Free and open to the public, register below.
Jubi Arriola-Headley (he/him) is a Black queer poet, storyteller, first-generation United Statesian, and author of the poetry collection original kink (Sibling Rivalry Press), recipient of the 2021 Housatonic Book Award; his second collection, Bound, will be published by Persea Books in February 2024. Jubi’s work has received support from Yaddo, Millay Arts, Lambda Literary, the Virginia Center for the Creative Arts, and the Atlantic Center for the Arts, and his poems have been featured in Literary Hub, Kweli Journal, & Southern Humanities Review, on PBS NewsHour’s Brief But Spectacular, & elsewhere. He currently at work on a memoir in essays, an excerpt of which received the 2023 First Pages Prize. Jubi lives with his husband in South Florida, on ancestral Tequesta, Miccosukee, and Seminole lands, and his work explores themes of masculinity, vulnerability, rage, tenderness & joy. Black Lives Matter. Trans Lives Matter. Stop Asian Hate. Art is Labor. Abolish Policing. Eat the Rich. Stay Kinky. Free Palestine.

Kyle Dargan is the author of the poetry collection Anagnorisis (TriQuarterly/Northwestern UP, 2018), which was awarded the 2019 Lenore Marshall Poetry Prize and longlisted for the 2019 Pulitzer Prize in poetry. His four previous collections, Honest Engine (2015), Logorrhea Dementia (2010), Bouquet of Hungers (2007) and The Listening (2003)–were all published by the University of Georgia Press. For his work, he has received the Cave Canem Poetry Prize, the Hurston/Wright Legacy Award, and grants from the D.C. Commission on the Arts and Humanities. His books have also been finalists for the Kingsley Tufts Poetry Award and the Eric Hoffer Awards Grand Prize. Dargan has partnered with the President’s Committee on the Arts and Humanities to produce poetry programming at the White House and Library of Congress. He’s worked with and supports a number of youth writing organizations, such as 826DC, Writopia Lab, Young Writers Workshop and the Dodge Poetry high schools program. He is currently an Associate Professor of literature and Asst. Director of creative writing at American University, as well as the founder and editor of POST NO ILLS magazine. He also works as a Managing Editor for Janelle Monae’s creative company, Wondaland, and serves as the curator and moderator of the “Life of a Poet” series at The Hill Center in Washington, D.C. Originally from Newark, New Jersey, Dargan is a graduate of Saint Benedict’s Prep, The University of Virginia, and Indiana University.

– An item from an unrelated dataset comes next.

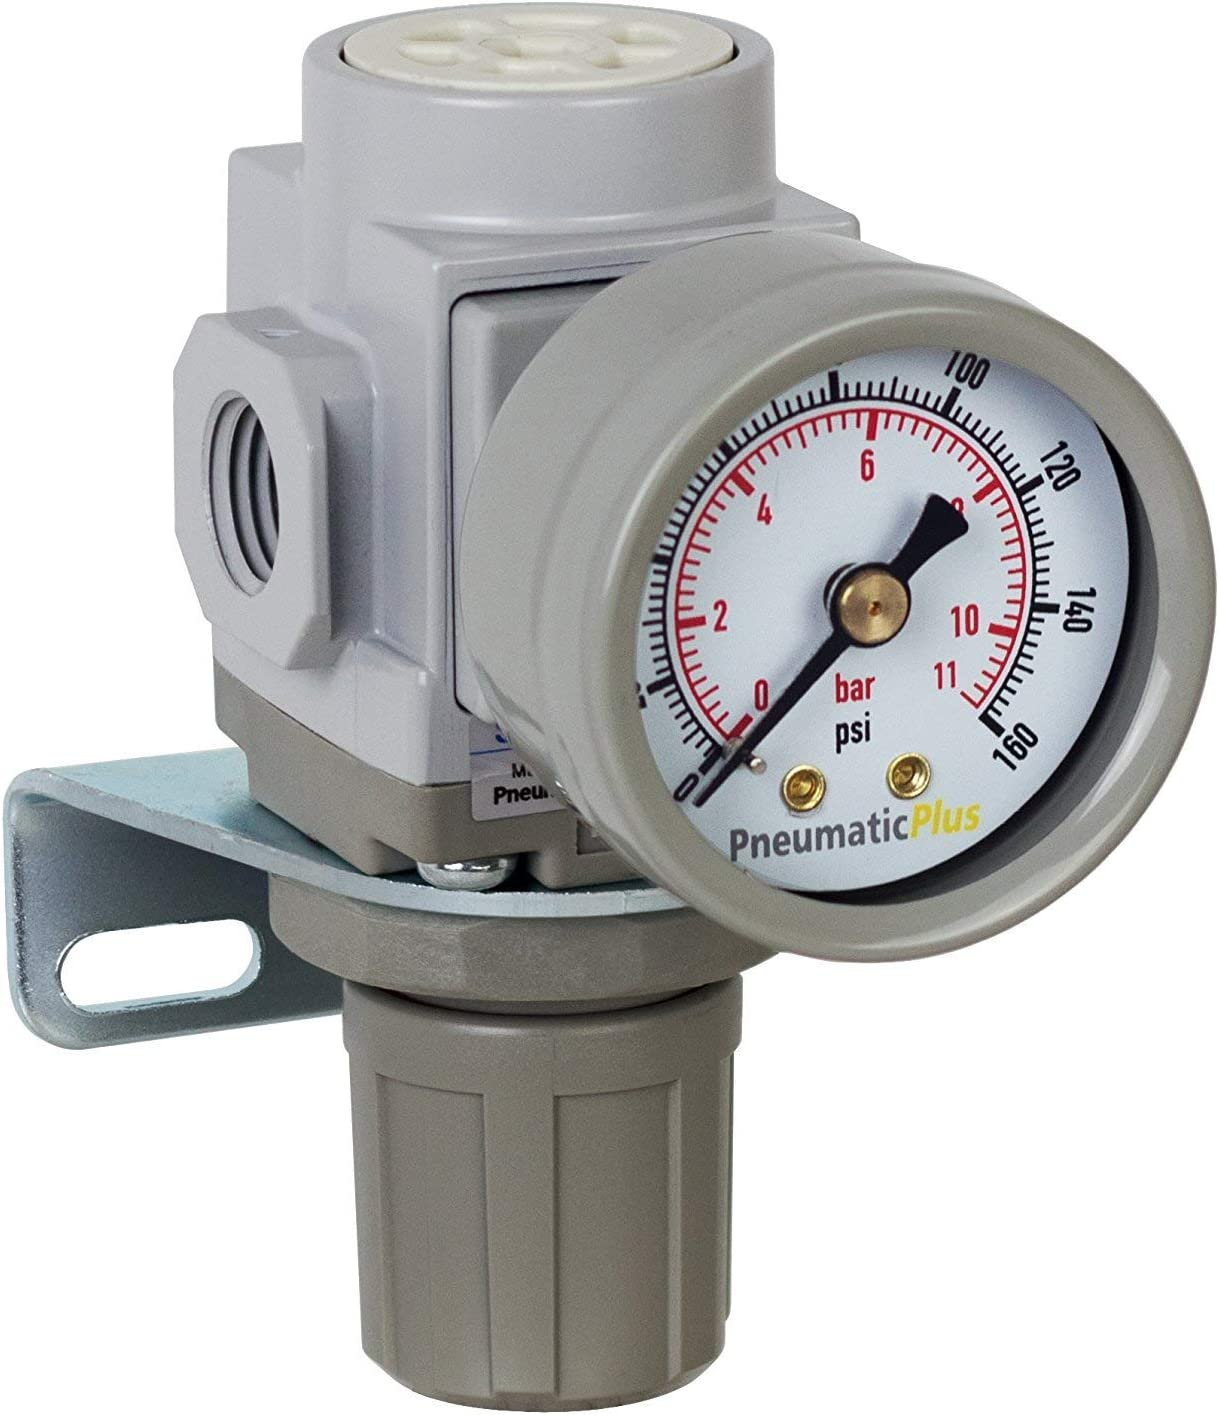 3-60 PSI Bracket Low Pressure PneumaticPlus PPR2-N02BG-4 Miniature Air Pressure Regulator 1//4 NPT Gauge
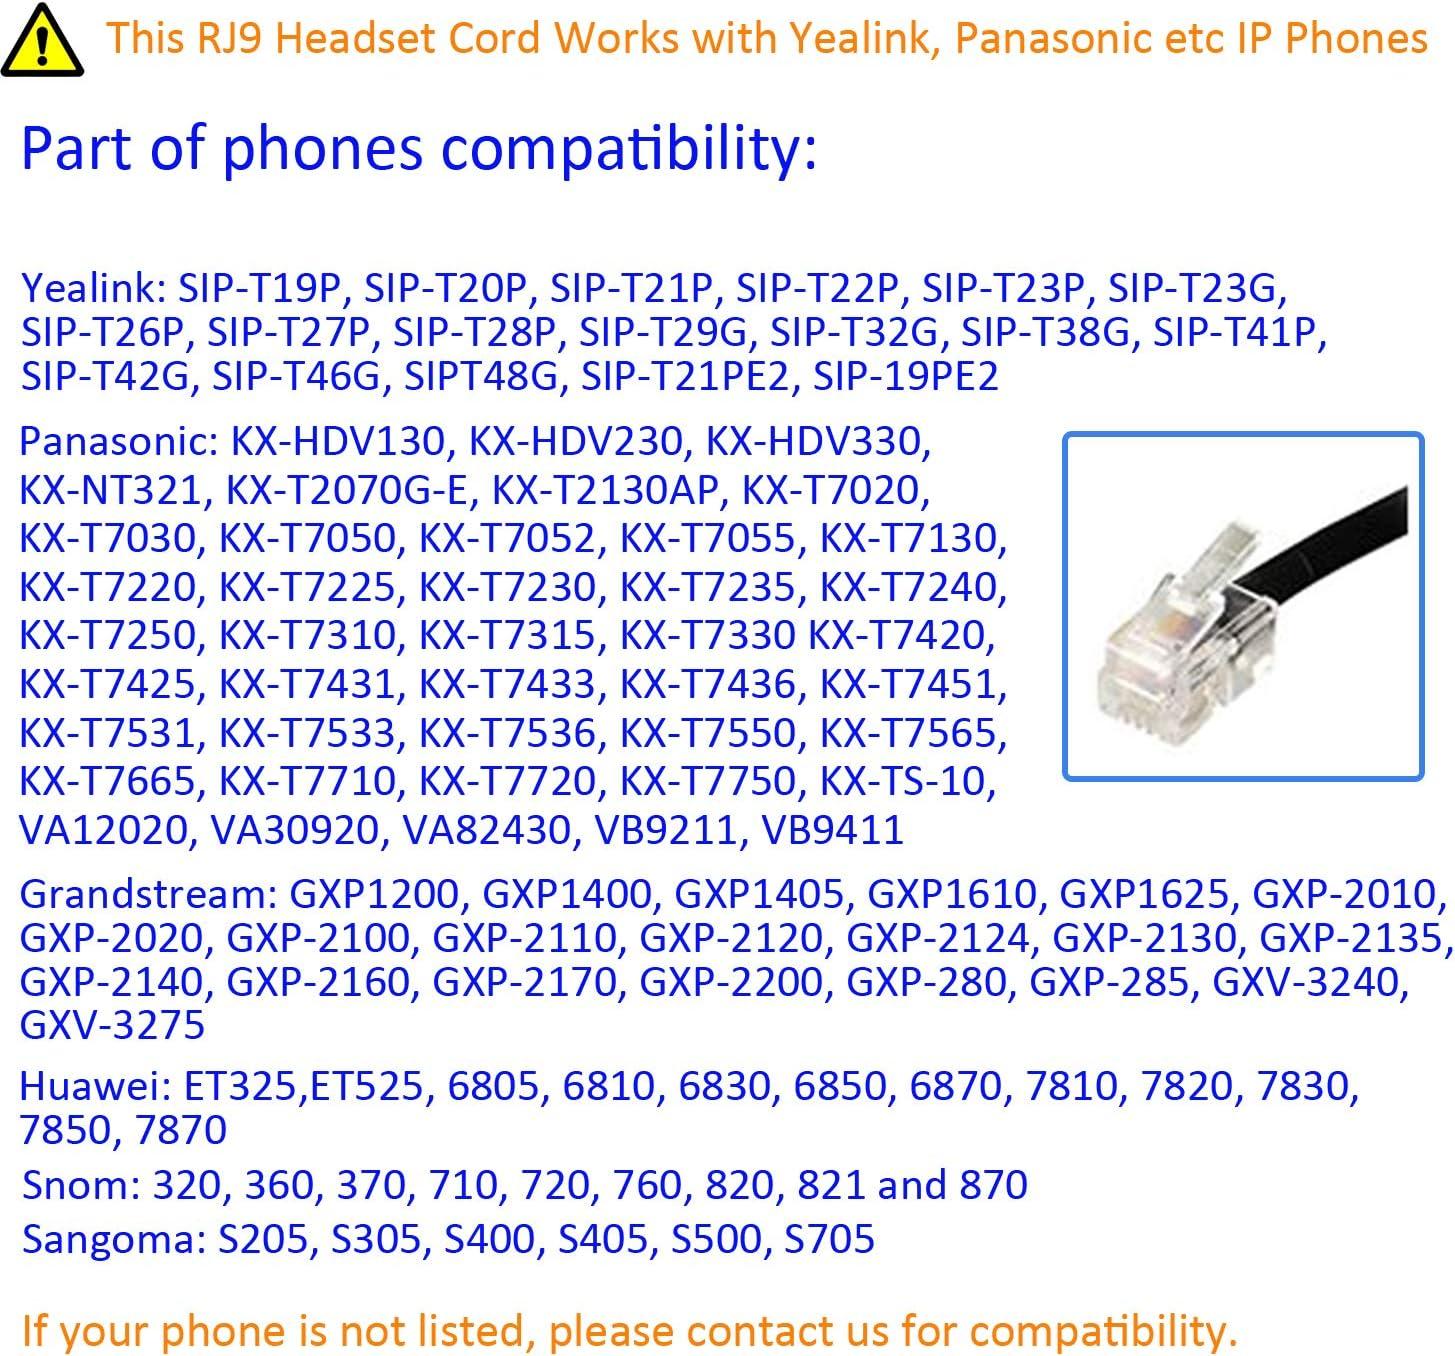 Plantronics U10P-S Coiled Cable for Yealink SNOM Huawei Avaya Panasonic /& Cisco

Joseph Ross is the author of five books of poetry: Crushed & Crowned (2023), Raising King (2020), Ache (2017), Gospel of Dust (2013) and Meeting Bone Man (2012). His poems appear in many publications including, The New York Times Magazine, The Los Angeles Times, Poet Lore, The Langston Hughes Review, and the 2022 anthology, WHERE WE STAND: Poems of Black Resilience. He has received multiple Pushcart Prize nominations and won the 2012 Pratt Library / Little Patuxent Review Poetry Prize for his poem “If Mamie Till Was the Mother of God.” Recently, Ross served as judge for the 2021 Ken Ebert Poetry Prize from Iris G. Press. He currently serves on the Poetry Board at the Folger Shakespeare Library in Washington, D.C. where he teaches English and Creative Writing. Ross writes regularly at www.JosephRoss.net.
Christina Beasley is a writer, poetry editor for Barrelhouse Magazine, civil servant, and amateur cryptozoologist in Washington, D.C. Her work has appeared in Copper Nickel, Split Lip, Atlanta Review, The Pinch, The Southampton Review, and elsewhere. She received her MFA from the Bennington Writing Seminars and her MA from Georgetown University.
If you need an accommodation for this event, please contact us at access@writer.org. We will attempt to fulfill all requests, but advance notice is necessary to arrange for some accessibility services.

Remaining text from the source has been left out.